BEGIN Given information

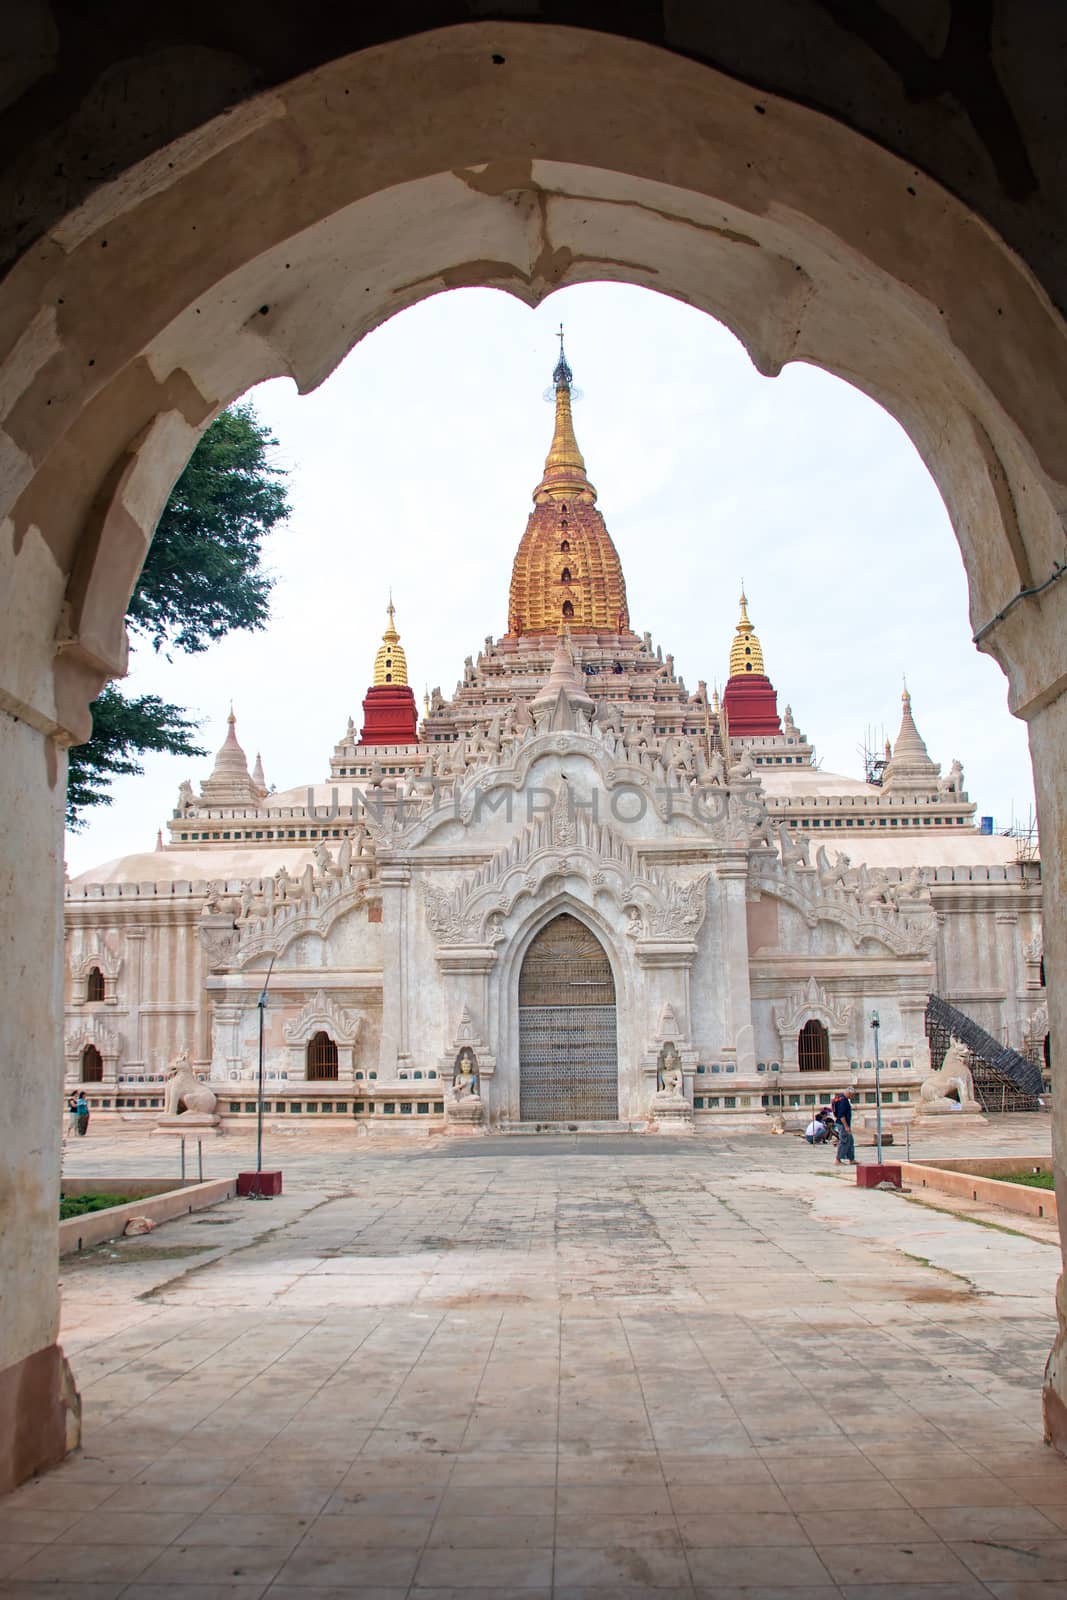  Ananda temple in Bagan , Myanmar by devy
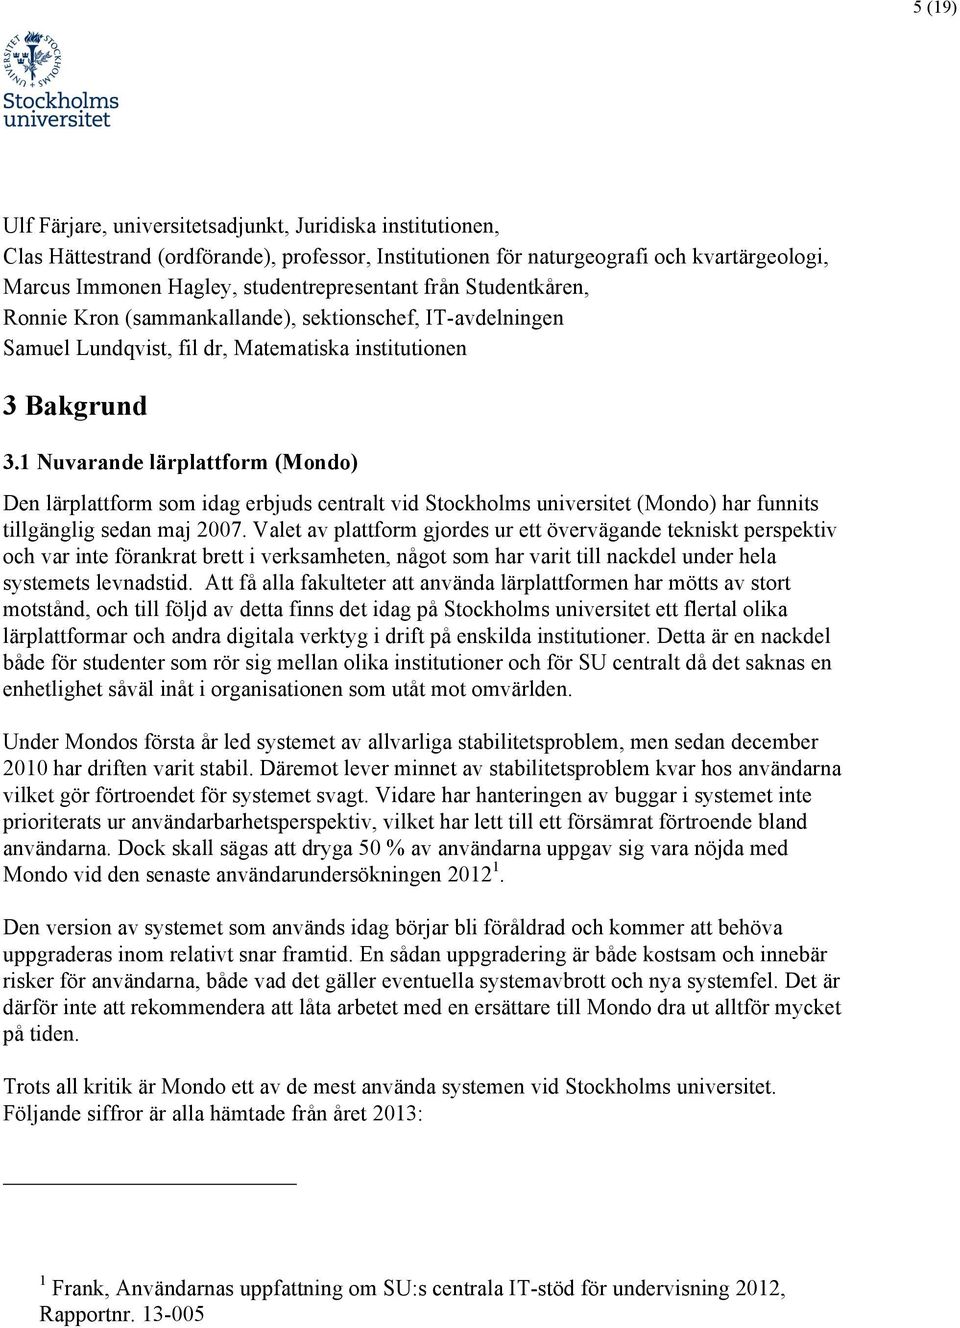 1 Nuvarande lärplattform (Mondo) Den lärplattform som idag erbjuds centralt vid Stockholms universitet (Mondo) har funnits tillgänglig sedan maj 2007.
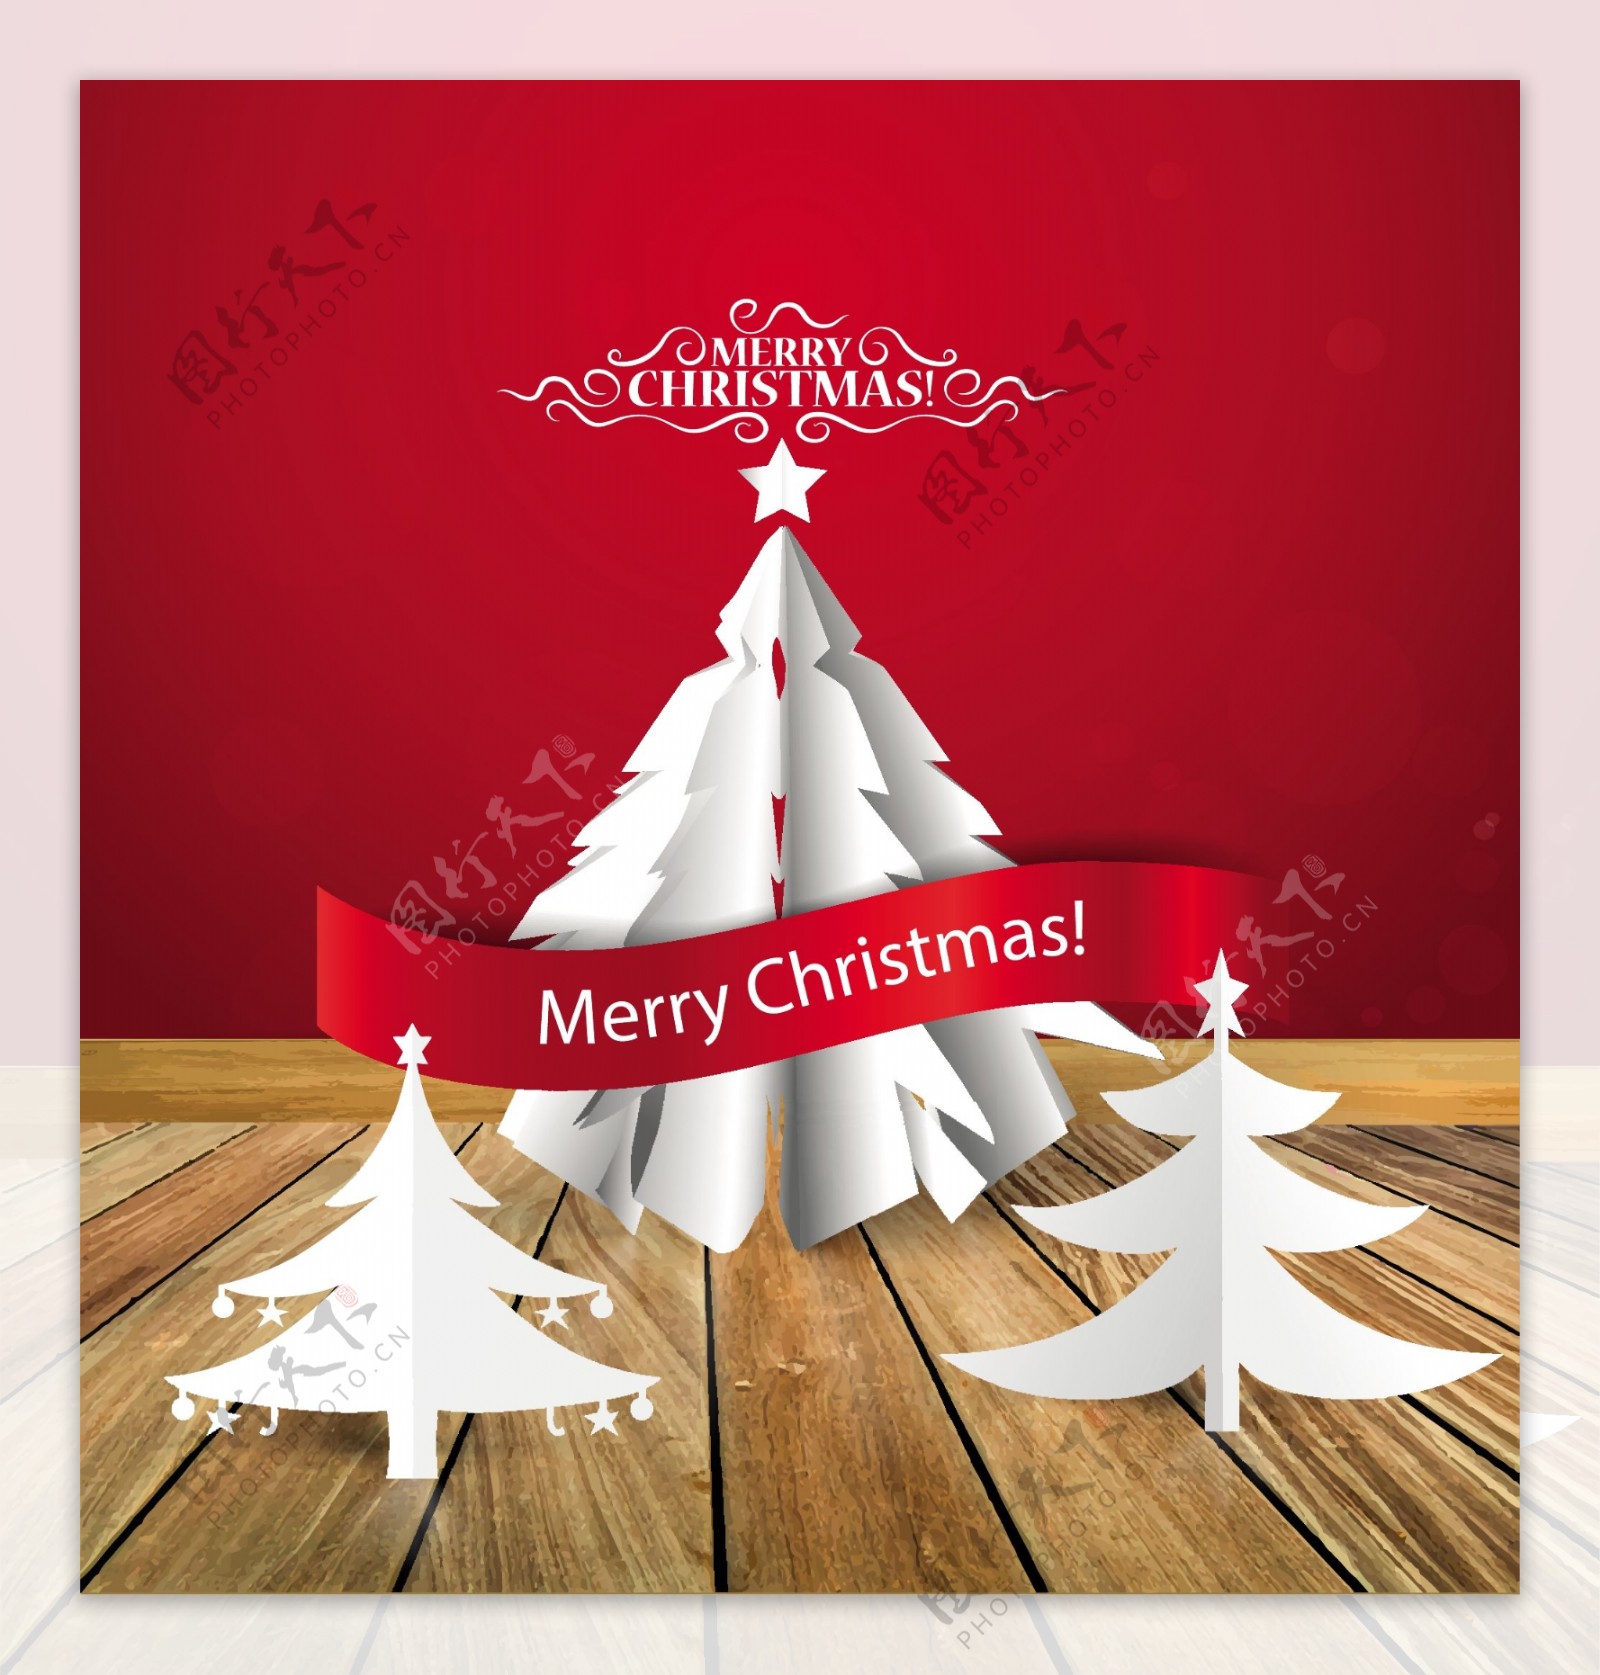 白色折纸圣诞树贺卡矢量素材.

END Given information

Final stretch of the data: repeat exactly each line from the one containing "1 Nuvarande lärplattform" through the last, and omit all pictures.

 1 Nuvarande lärplattform (Mondo) Den lärplattform som idag erbjuds centralt vid Stockholms universitet (Mondo) har funnits tillgänglig sedan maj 2007.
 白色折纸圣诞树贺卡矢量素材.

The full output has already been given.